Paul Byers Trevithick (born 1959) is currently a client partner and senior director at EPAM, advisor to early-stage startups, technologist, privacy advocate, and entrepreneur.

Education
He grew up in Ottawa, Canada, attended MIT, and received a Bachelor of Science in electrical engineering and computer science in 1981 and was a research assistant at the MIT Media Lab in 1981 and 1982.

Career
In 1981, he co-founded Lightspeed Computers which was ultimately acquired by DuPont. He was CEO and co-founder in 1985 of Archetype, Inc. which became the Pageflex division of Bitstream Inc. in April 1997. Trevithick then served as Bitstream's vice president of marketing, and starting in August 1998 its president.

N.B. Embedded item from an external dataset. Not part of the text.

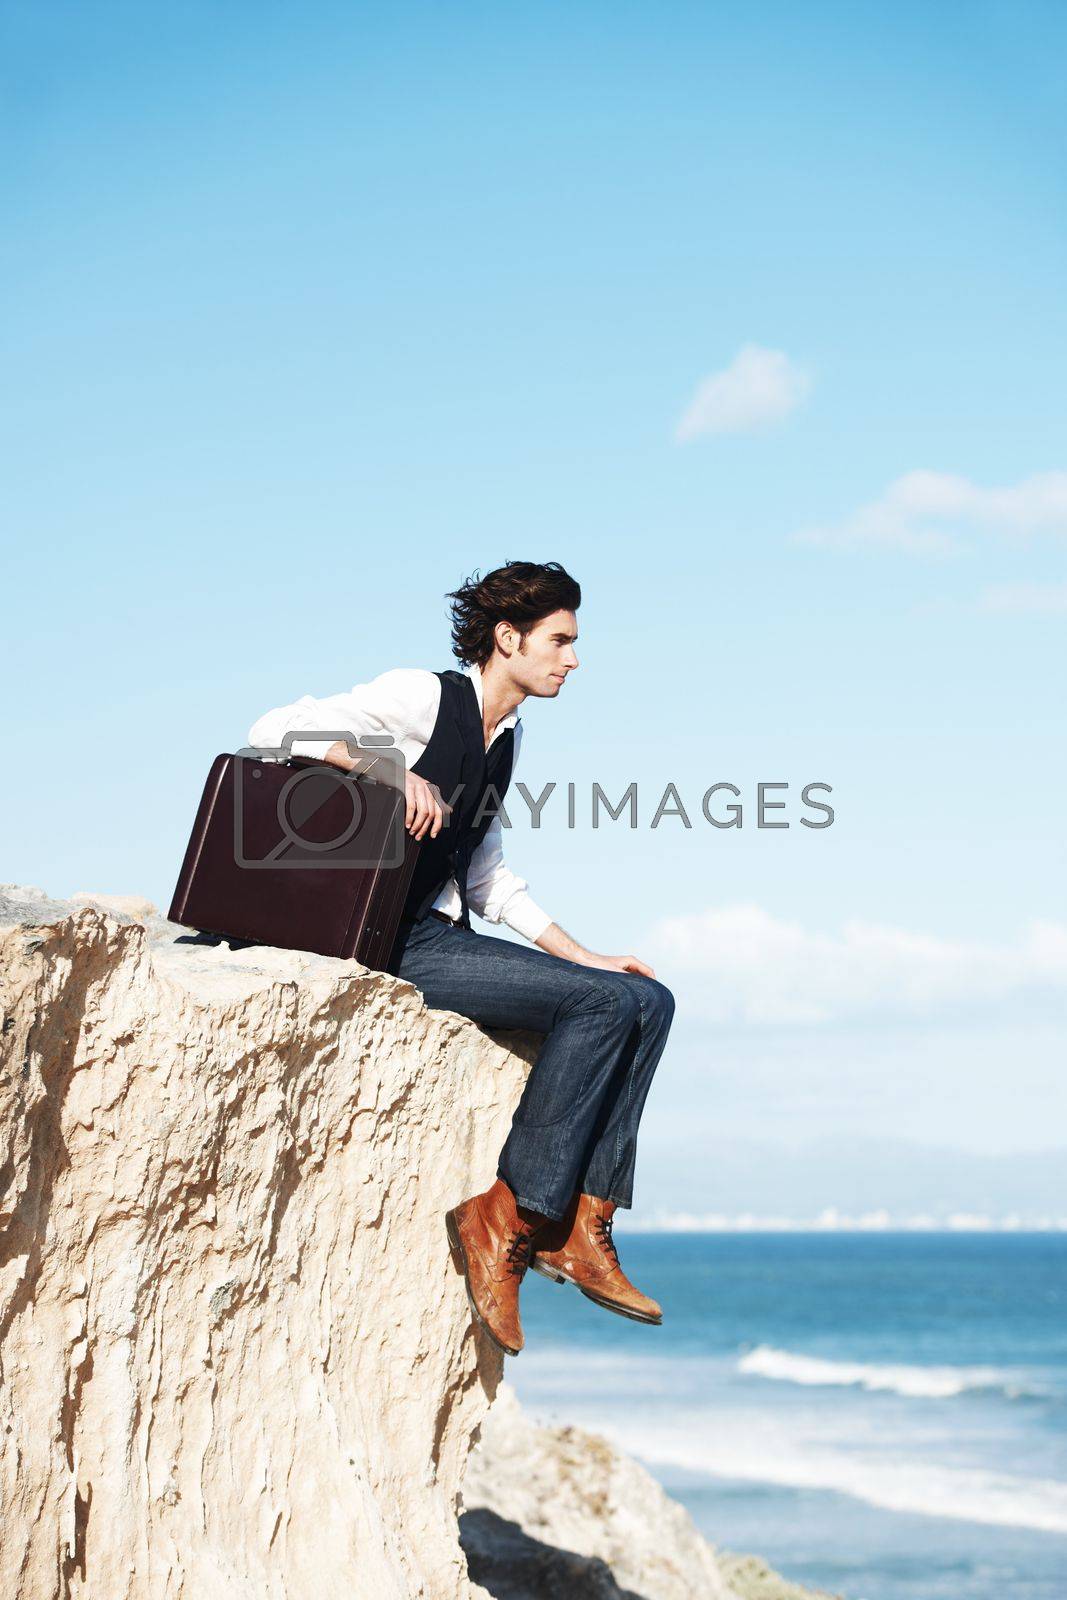 Royalty free image of Pondering the meaning of life. Pensive young man sitting with his briefcase on the edge of a cliff overlooking the ocean. by YuriArcurs
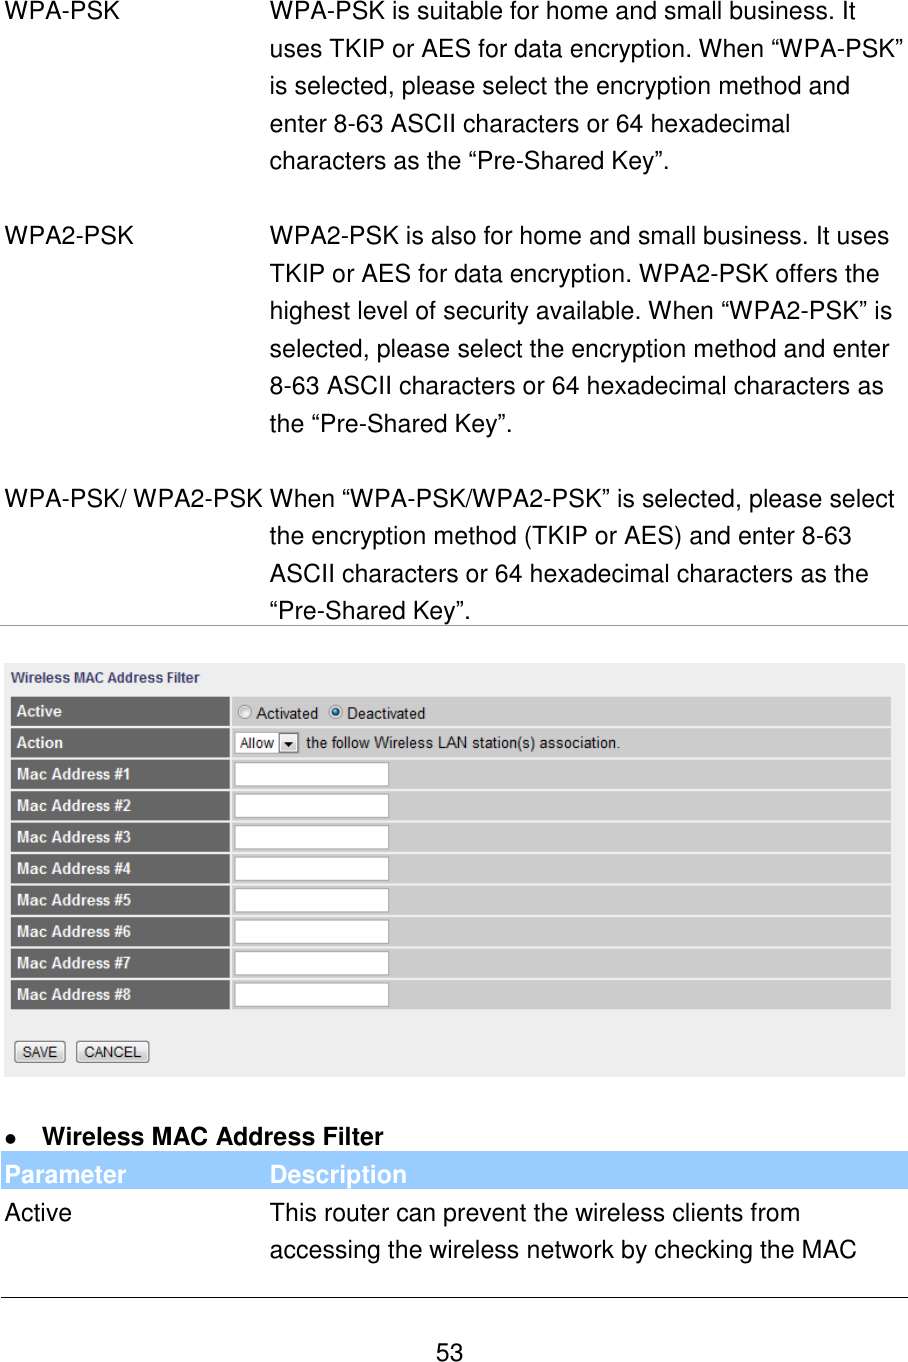   53   WPA-PSK WPA-PSK is suitable for home and small business. It uses TKIP or AES for data encryption. When “WPA-PSK” is selected, please select the encryption method and enter 8-63 ASCII characters or 64 hexadecimal characters as the “Pre-Shared Key”.   WPA2-PSK WPA2-PSK is also for home and small business. It uses TKIP or AES for data encryption. WPA2-PSK offers the highest level of security available. When “WPA2-PSK” is selected, please select the encryption method and enter 8-63 ASCII characters or 64 hexadecimal characters as the “Pre-Shared Key”.   WPA-PSK/ WPA2-PSK When “WPA-PSK/WPA2-PSK” is selected, please select the encryption method (TKIP or AES) and enter 8-63 ASCII characters or 64 hexadecimal characters as the “Pre-Shared Key”.     Wireless MAC Address Filter Parameter Description Active This router can prevent the wireless clients from accessing the wireless network by checking the MAC

Trevithick has contributed to World Wide Web Consortium, PODI, Organization for the Advancement of Structured Information Standards (OASIS), and ITU-T standards efforts. He was granted the Seybold Industry Vision award in 1999.

Trevithick led the development of the Experimental Laboratory for Investigating Collaboration, Information-sharing, and Trust (ELICIT)  web-based platform under contract to the United States Department of Defense (OASD/NII) Command and Control Research Program (CCRP). ELICIT is a tool used in social science research.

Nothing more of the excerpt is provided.